Today, however, maximizing our reward by satisfying our specific cravings is no longer a signal of greater survival. In fact, in a world abundant with unhealthy ways of satisfying our cravings, desire often points in a direction that hurts our survival chances. Sugar, sex, substances, video games, netflix, etc. - when we follow those cravings for too long our quality of life diminishes.


This is because our cravings have never been about these objects of desire. Our cravings are about our well-being.


Let’s take an extreme example of desire: addiction. Those of us who have struggled with addiction of any kind or any level know the strength, danger, and possible pain of desire, as well as the all-too-common interpretation of desire as immoral or wrong. However, we might just be misinterpreting our desire.


Joe Bailey, a psychologist, addiction counselor, and author (one of my favorites), has written that addicts, like the rest of us, are really just looking for a path to a feeling of well-being. Addicts have allowed themselves to consistently find that feeling in substance use. Joe suggests that our desires are always pointing us in a single direction: toward well-being. If we can see beyond the specific, momentary object of desire to the source of all our desire - a feeling of well-being - we might find some additional will-power to skip the cookies and appreciate a feeling of health or turn off the iPad and head to bed.


Fear and desire are always pointing to one place: well-being.

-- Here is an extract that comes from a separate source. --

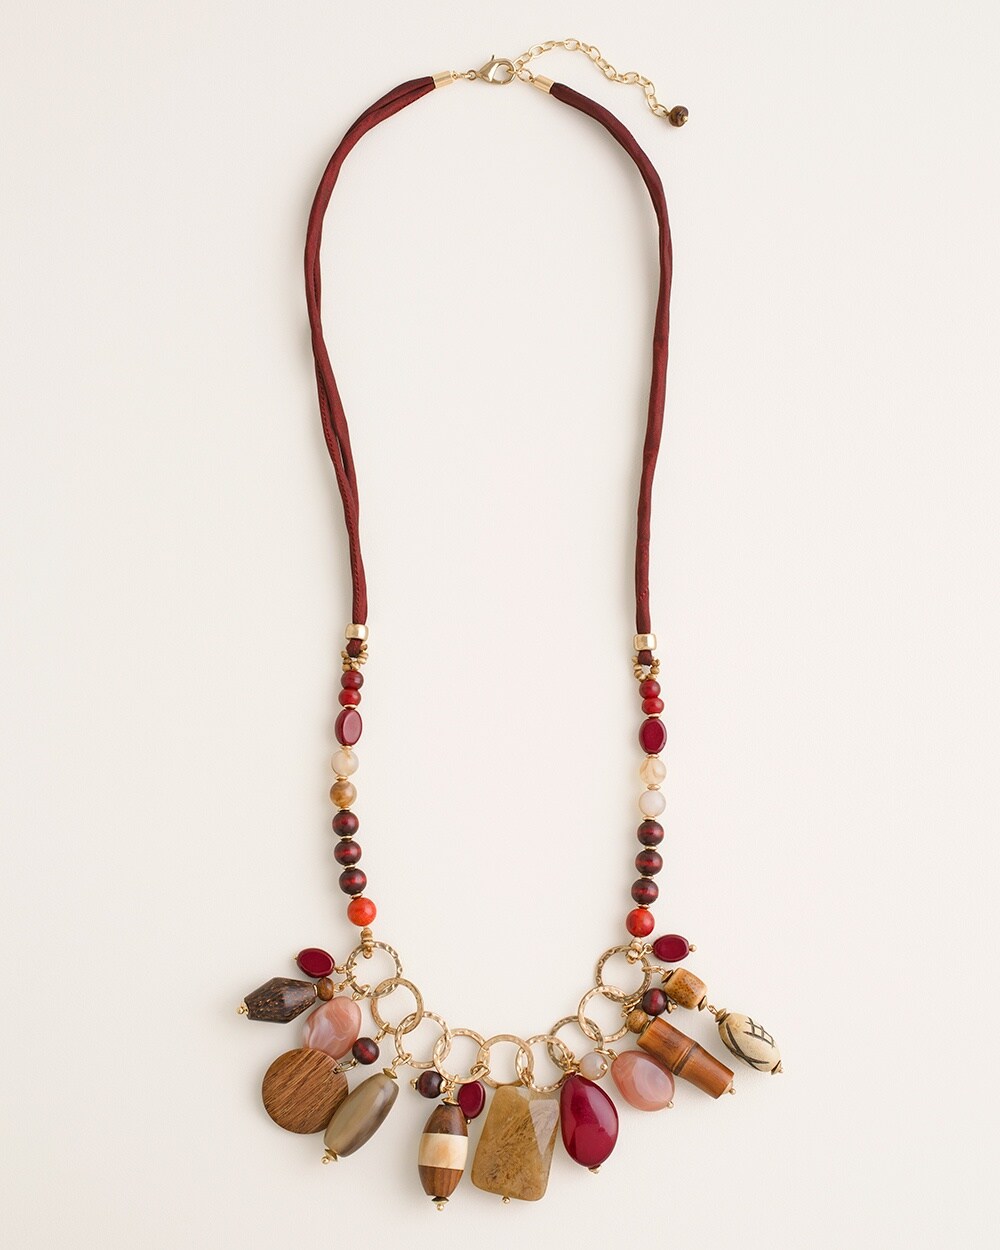 Cherry-Colored Charm Necklace

It may seem like our desire is about that shiny or sweet object laid in front of us on the table, but it’s not. Mostly, our fears and desires highlight insecurities that we feel, and the fears and desires point us toward feeling secure and well.

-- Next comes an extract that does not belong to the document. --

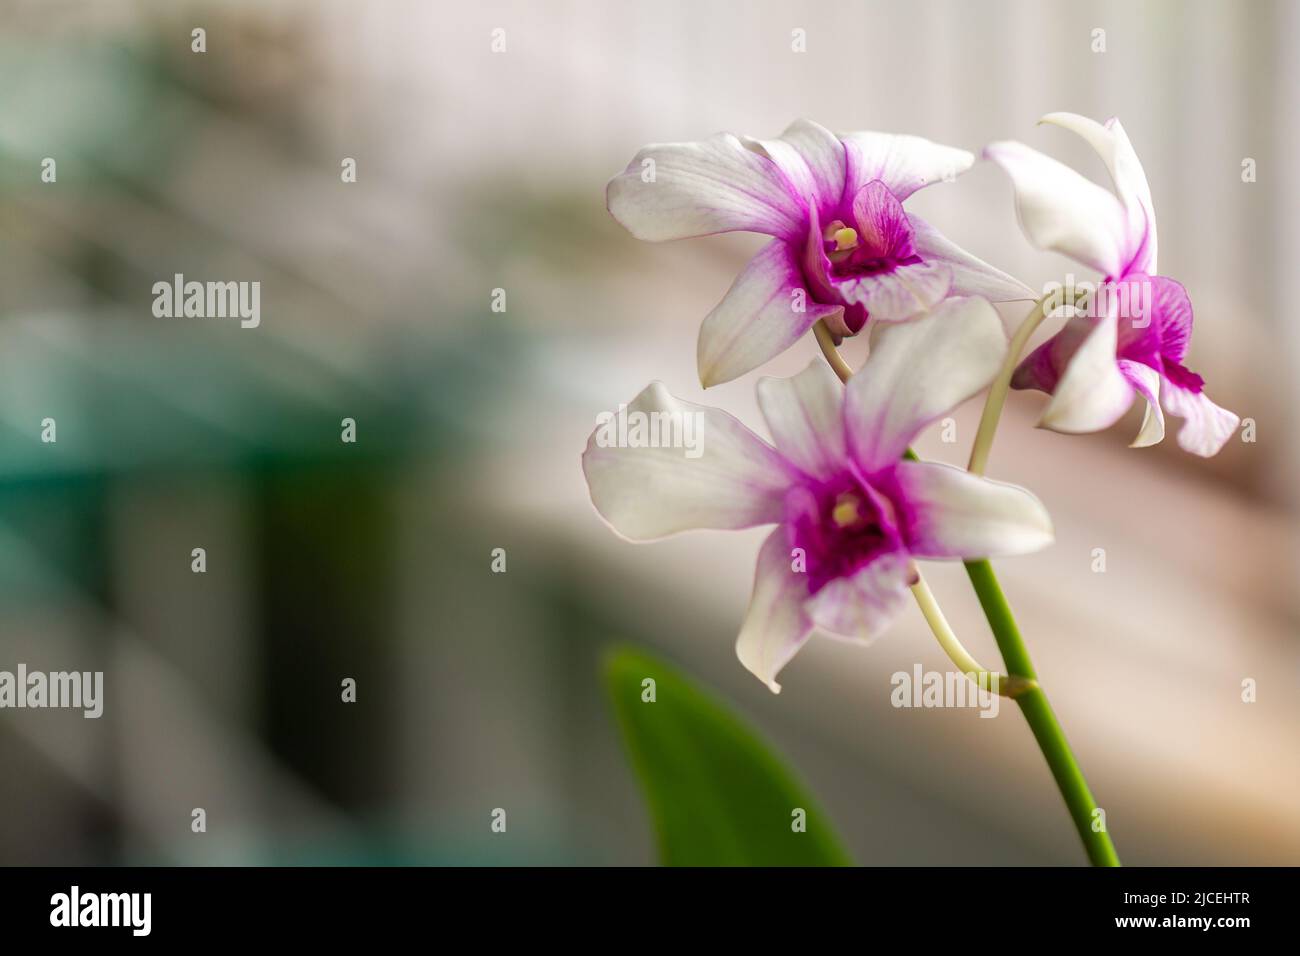 A purple and white dendrobium orchid flower, green stem and leaves, blurred green foliage background Stock Photo

It’s not actually Chick-fil-a that I want - I’m looking for a feeling of satiated well-being. It’s not really the alcohol that I want - I’m looking to feel good, secure, and self-expressed. It’s not really winning the argument with self-righteousness and justification that I’m after - I really want to feel loved and supported for who I am.


Here’s a magic question that helps us see through the cravings and fears of the moment to the well-being we’re actually looking for: What do I really want?


Just like with fear, look beyond the immediate objects of desire to where the desire is really pointing. And then remember that true well-being isn’t something we ever have to go looking for, because it’s always with us - always has been and always will be. Allow your inner wisdom to highlight what you really want, and the craving for those Doritos might just disappear.


For me, it's to be unconditionally in love with life, at ease and compassionate, and to be acting in line with my commitment to the well-being of all life.


What do you really want? No need to push, but don't hold back.